The Reset Moment: How Downturns Create the Dynamics for Innovation and Transformation
We tend to think of economic cycles as peaks and troughs of good times and bad — but the lesson of history for leaders is that our thinking and strategies need a far more nuanced understanding of changing times.
From FedEx and Amgen to Microsoft, Salesforce and Square, 50% of today’s Fortune 500 were founded in times of economic stress over the last 100 years. Indeed, Fortune Magazine was launched just 90 days after the 1929 Wall Street Crash when fortunes were being lost not made. The notion that many of the world’s best companies were either founded or really took off during times of economic stress is inspiring. It’s easy to think that the best path is to lie low and slash burn and conserve runway until the economy picks back up again. But that’s what everyone else out there is trying to do; simply tread water and survive until market conditions become more favorable. These risk-averse behaviors stem from a fear-based survival mindset. It’s a mindset and approach that history shows will not carry you far relative to smarter, better-financed and better-positioned competition.
The moment for reset
The best companies in the world are leveraging this moment to reset their foundation. They are applying the strategic skill of ‘seeing around corners’ to determine what their big opportunity is through this downturn – and then aligning leaders and mobilizing to deliver targeted outcomes in a focused and disciplined way. We’ve been working with three such organizations at different stages of maturity as they have made weighty decisions to pivot their strategy and operations towards those areas they can have the biggest impact now. These hard choices may seem to channel risk, but upon closer examination are calculated moves designed to shore up the path to success in the long run.
1. The early stage start-up: Creating a bridge to sustainable growth
This fintech company was banking on a major round of fundraising to fuel growth, but is changing tack as access to capital is shut down for the foreseeable future. Instead of continuing to serve multiple customer segments in a scattershot way, they are retrenching Go To Market efforts to focus on the one segment they can serve the best and most profitably right now. This will buy them the time they need to build out the remainder of their product suite and scale up operations to move aggressively up-market in a sustainable way. This has required saying ‘no’ to bigger customers whom they can’t serve well at the moment while at the same time taking on fairly significant operational risks to cut internal costs and shift to an offshore development model. If successful, they will benefit from dramatically expanding their engineering capacity, but first will have to manage the looming tech and cultural risks associated with this new plan.
2. The late stage start-up: Creating an entirely new market amid uncertainty
This market-making organization is working to commercialize brand-new technology. After making the tough decision to cut 20% of costs, they are going all in on a single, complex company-wide strategic initiative that, if successful, will demonstrate tangible proof points and value creation at scale. This will generate the momentum they need to take off when (not if) the market bounces back. When you step back to consider their position, it feels less risky to proceed with this strategy than to continue spreading resources thinly across multiple different commercial bets hoping that one of them might take hold and gain traction. There’s also a higher chance of winning when every team member across the company is focused on the same outcome.

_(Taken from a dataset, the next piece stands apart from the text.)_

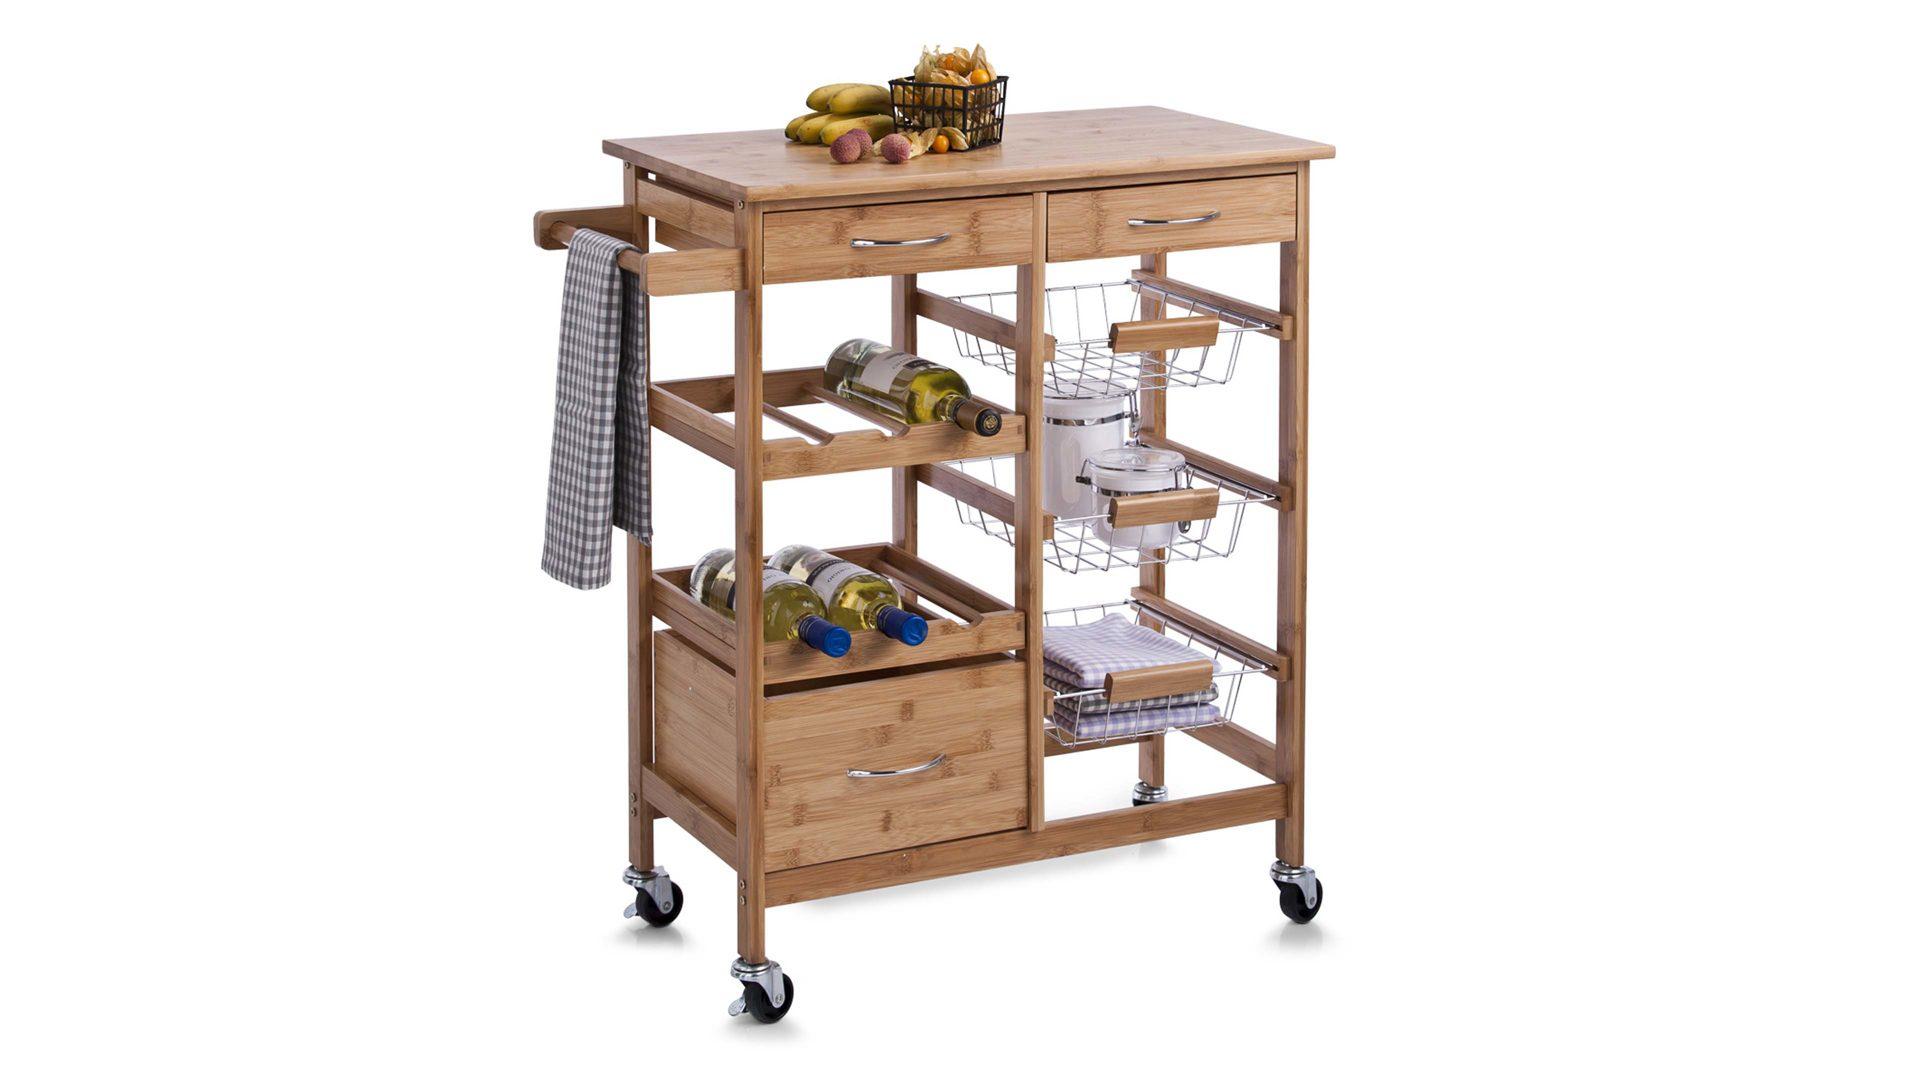 Möbel Böck, Räume, Küche, Küchenrollwagen, Küchenbar ...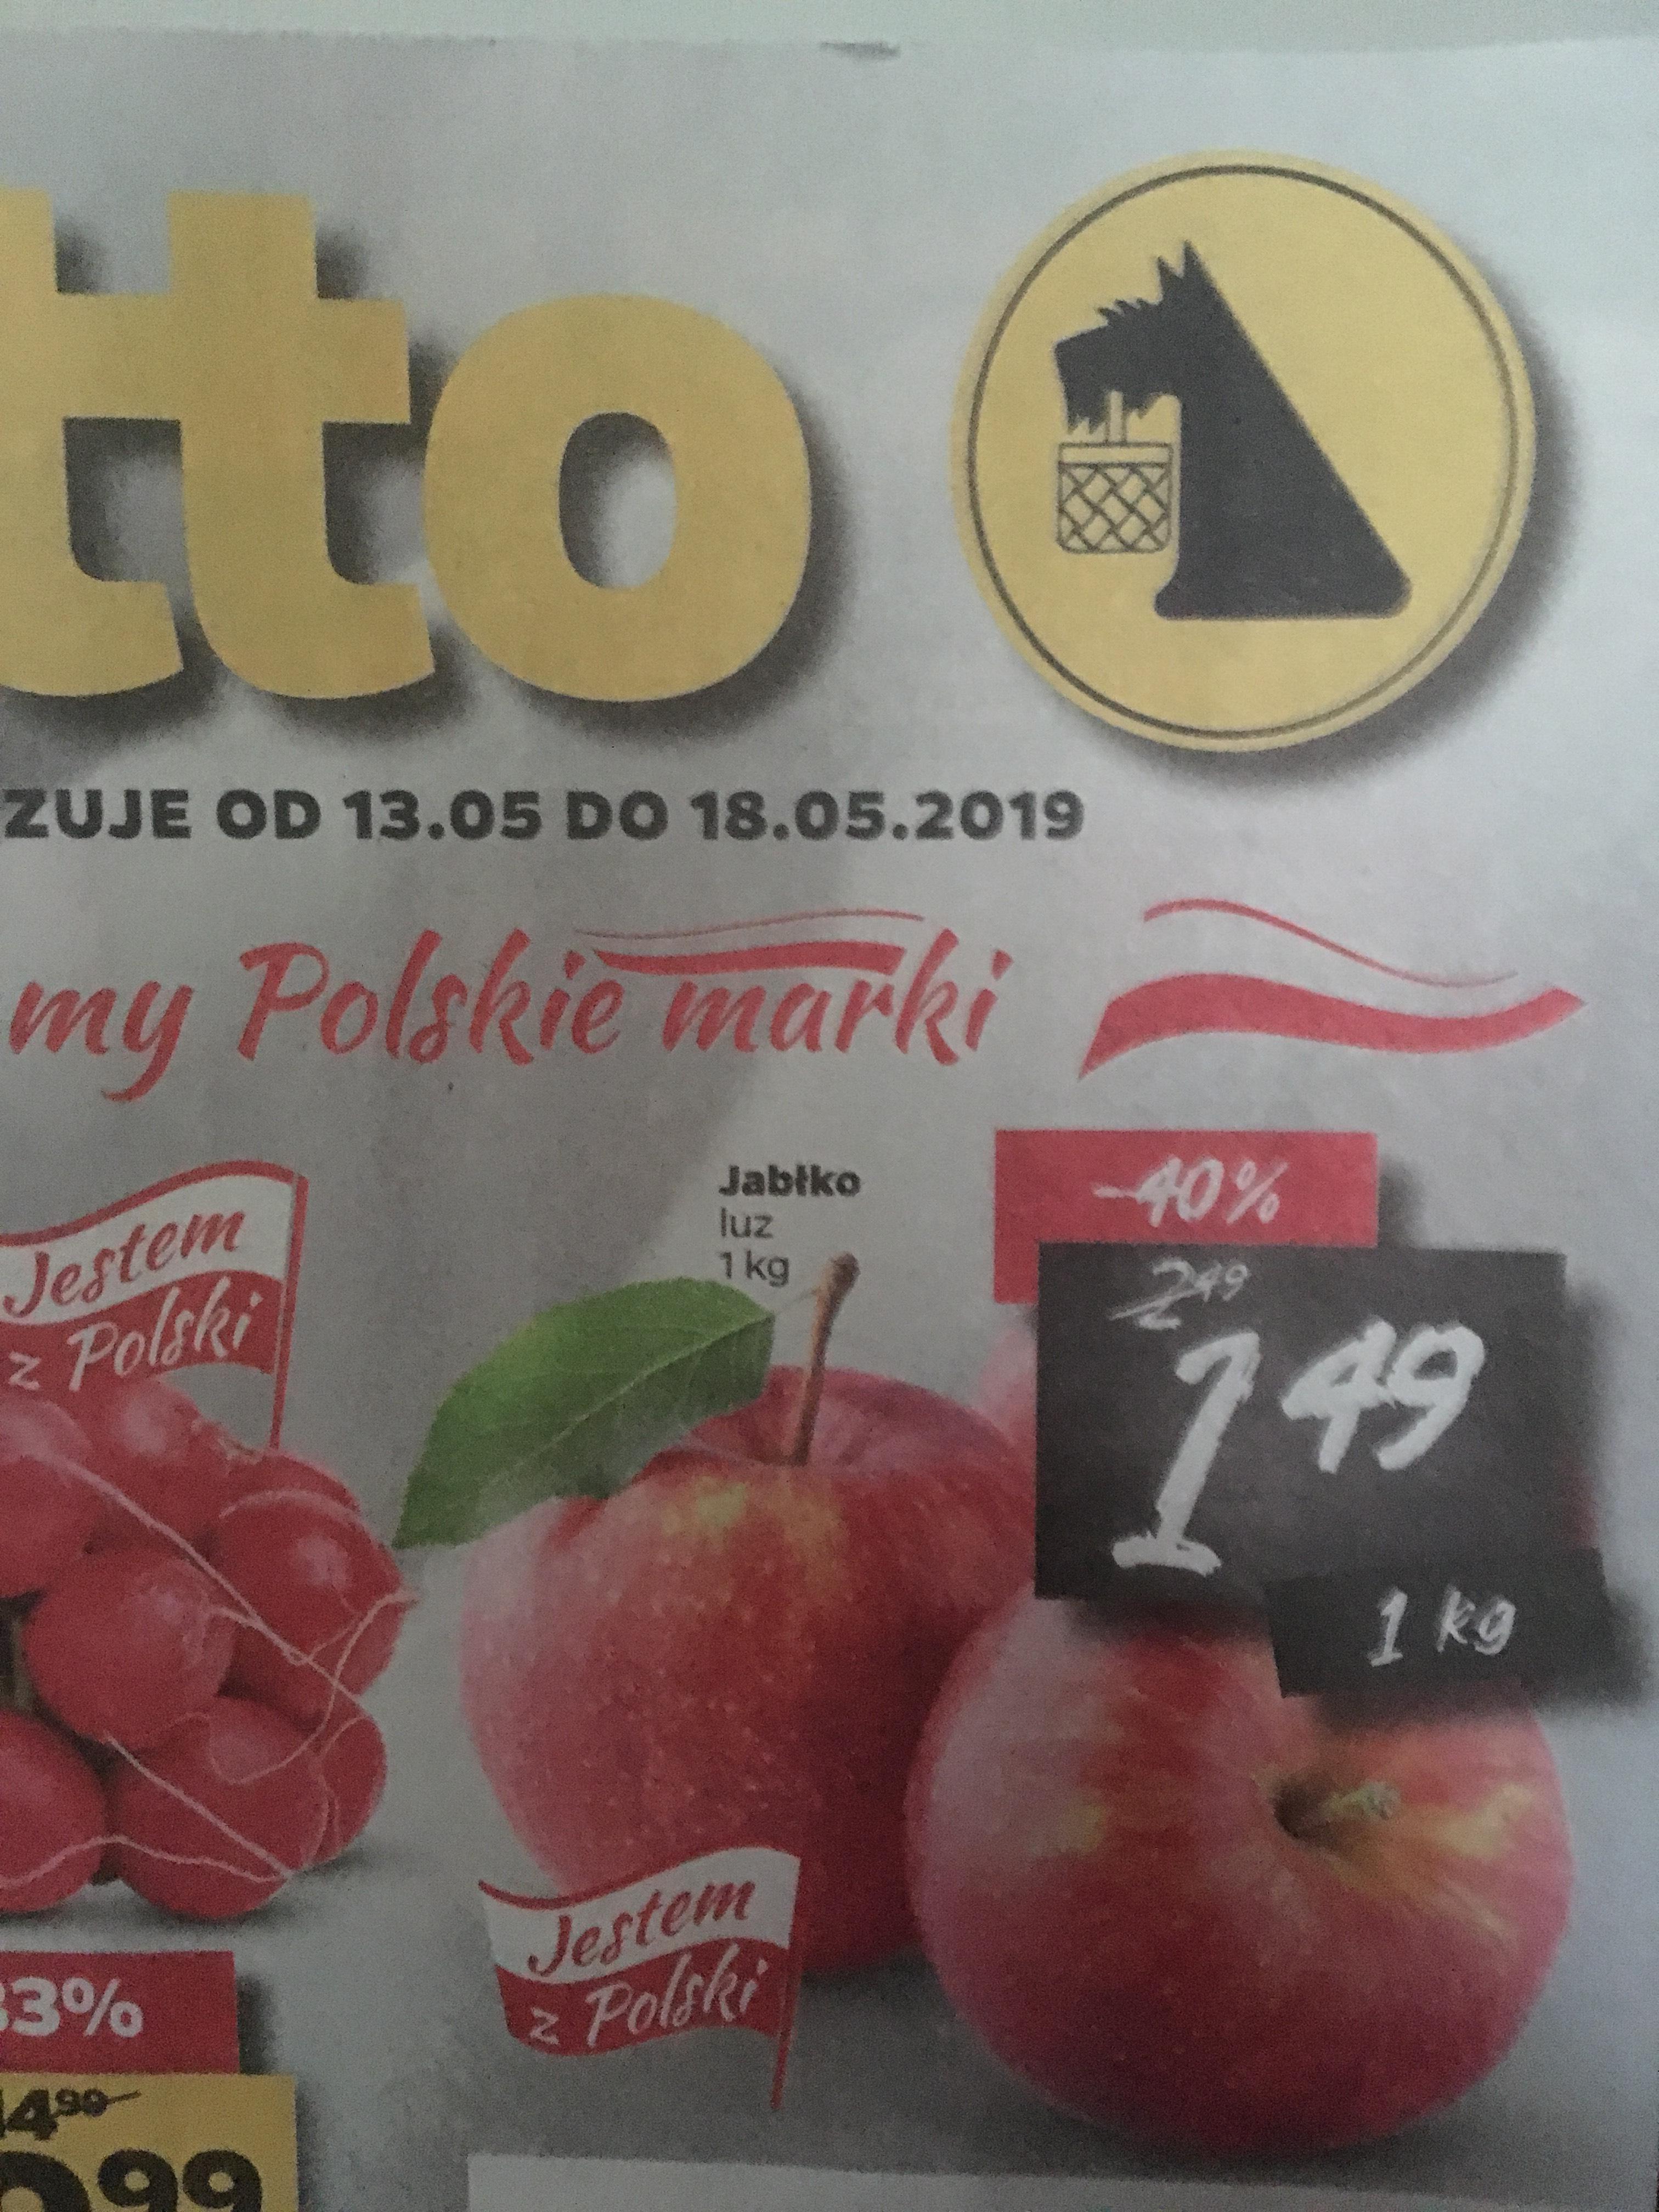 Polskie jabłka 1,49 zł za kilogram sklep Netto

3. The mature, established category leader: Taking on organizational inertia
Although this company has enjoyed stable revenue and profitability, growth has slowed considerably in the last several years and they’re not acquiring new customers at nearly the same rate they were used to in the past. They are in the unenviable position of having to disrupt themselves. They will do so through two doorways: 1) brand new product innovation by deepening understanding of and finding novel ways to meet consumers’ changing needs during these uncertain times and 2) brand storytelling investments: shaping and communicating their brand promise in a clear, compelling and accessible way Allowing someone else to step in and tell their story for them has been a consistent problem, as generally, these lurking stories cast this company in a negative light in attempts to bring down the market leader. Taking destiny back into their hands has meant owning their narrative and being unabashed about what they stand for in this world, while continuing to discover new ways to serve and delight customers.
You can’t cut your way to greatness
Reducing unnecessary costs and becoming more efficient operationally are table stakes. That should be happening anyway. At the same time, this behavior on its own can be taken too far. Organizations that slash and burn, desperately trying to get themselves out of extreme debt by cutting as many heads as they possibly can without a clear sense of how to ‘win’ hearts and minds of customers, partners and employees amounts to a fruitless strategy. What will be left of those organizations in the end? The opportunity of a downturn is the moment to reset: sometimes this can feel like a hard reboot, yet leaders operating with a more nuanced understanding of where the present and future strengths of the organization lie will have the clarity to see how to leverage their existing assets most strategically – to catalyze innovation and transformation.